(SOURCE DATA begins)

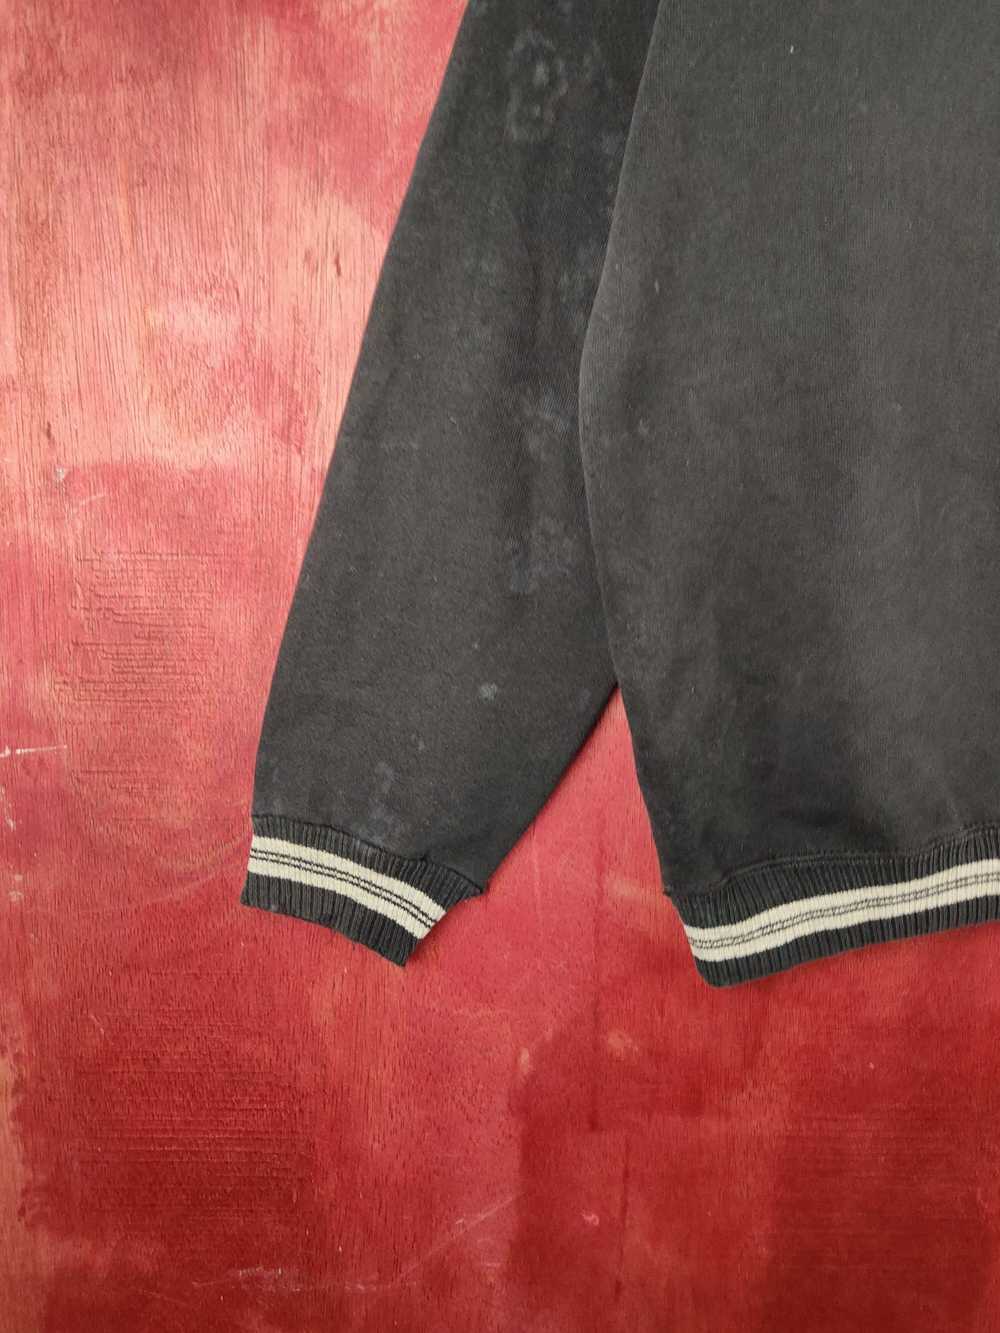 Streetwear × Vintage Discus Black Faded Sweatshir… - image 4
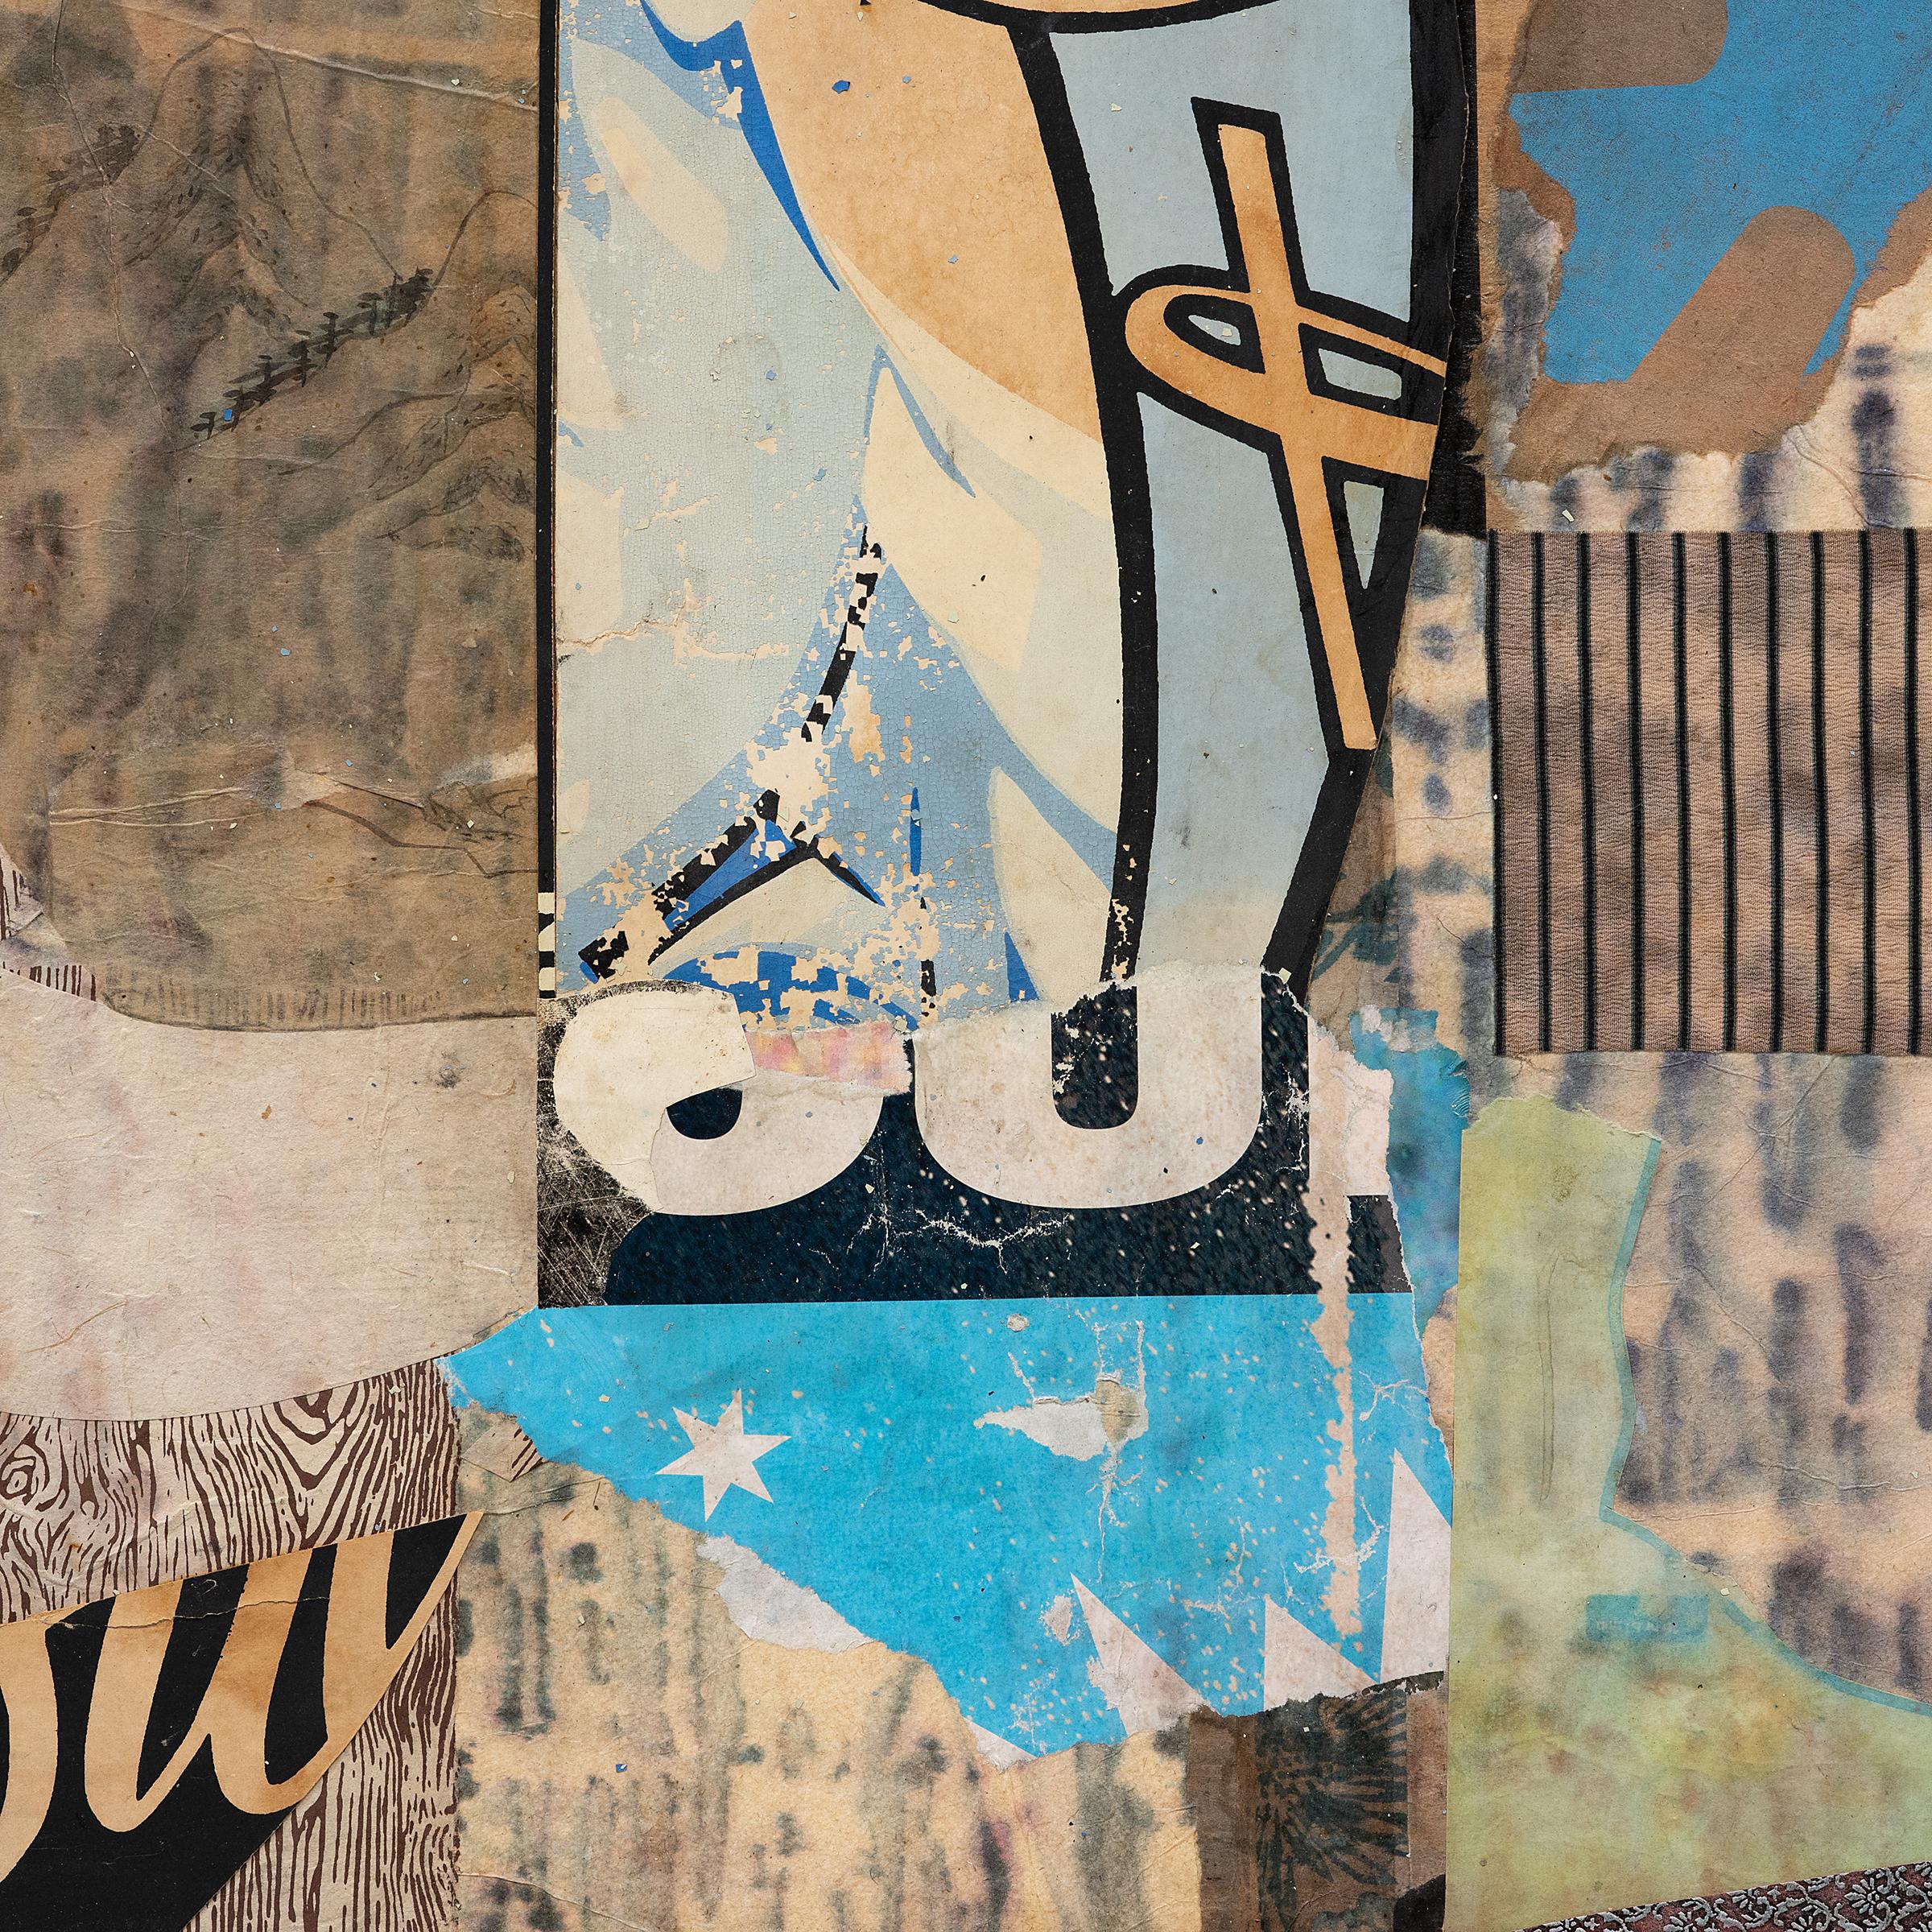 Basé à Chicago, IL, l'artiste contemporain Michael Thompson crée des cerfs-volants, des collages et des œuvres mixtes uniques, assemblés à partir de fragments matériels du passé et du présent collectés au cours de ses voyages. Sa série actuelle de
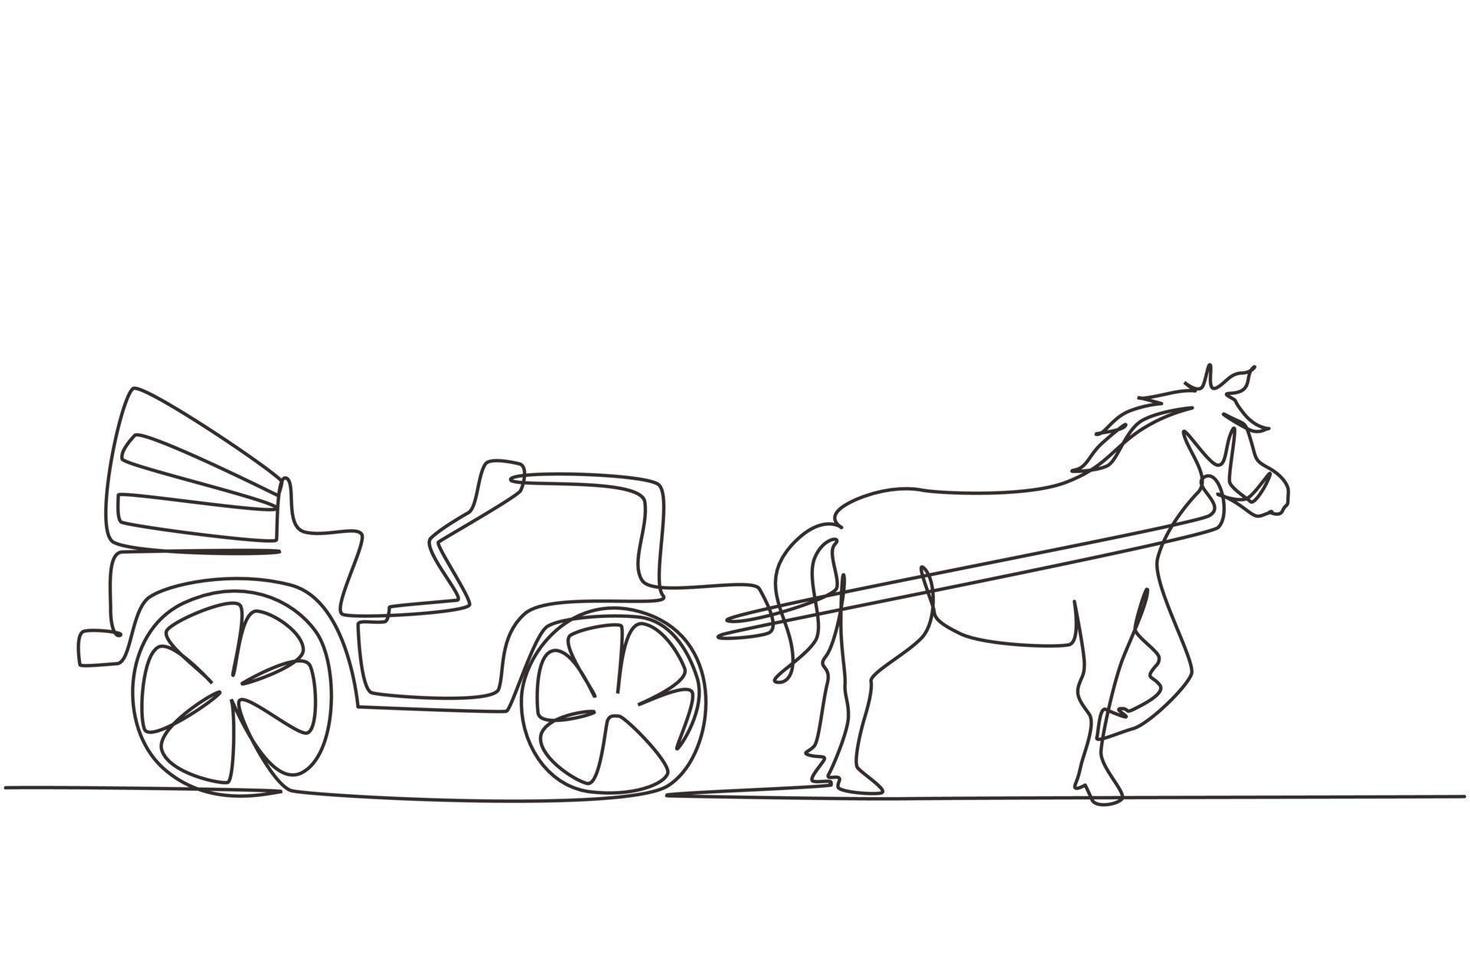 enkele lijntekening vintage vervoer, paardenkoets. oude koets met een paard, een paard trekt een koets achter zich aan. moderne doorlopende lijn tekenen ontwerp grafische vectorillustratie vector

(SOURCE DATA ends)

● EXERCISE OBJECTIVE
Exactly as given, set down each line of the material, but include no pictures.

● SOLUTION FOR THIS PROBLEM
 Streetwear × Vintage Discus Black Faded Sweatshir… - image 4
 Basé à Chicago, IL, l'artiste contemporain Michael Thompson crée des cerfs-volants, des collages et des œuvres mixtes uniques, assemblés à partir de fragments matériels du passé et du présent collectés au cours de ses voyages. Sa série actuelle de
 enkele lijntekening vintage vervoer, paardenkoets. oude koets met een paard, een paard trekt een koets achter zich aan. moderne doorlopende lijn tekenen ontwerp grafische vectorillustratie vector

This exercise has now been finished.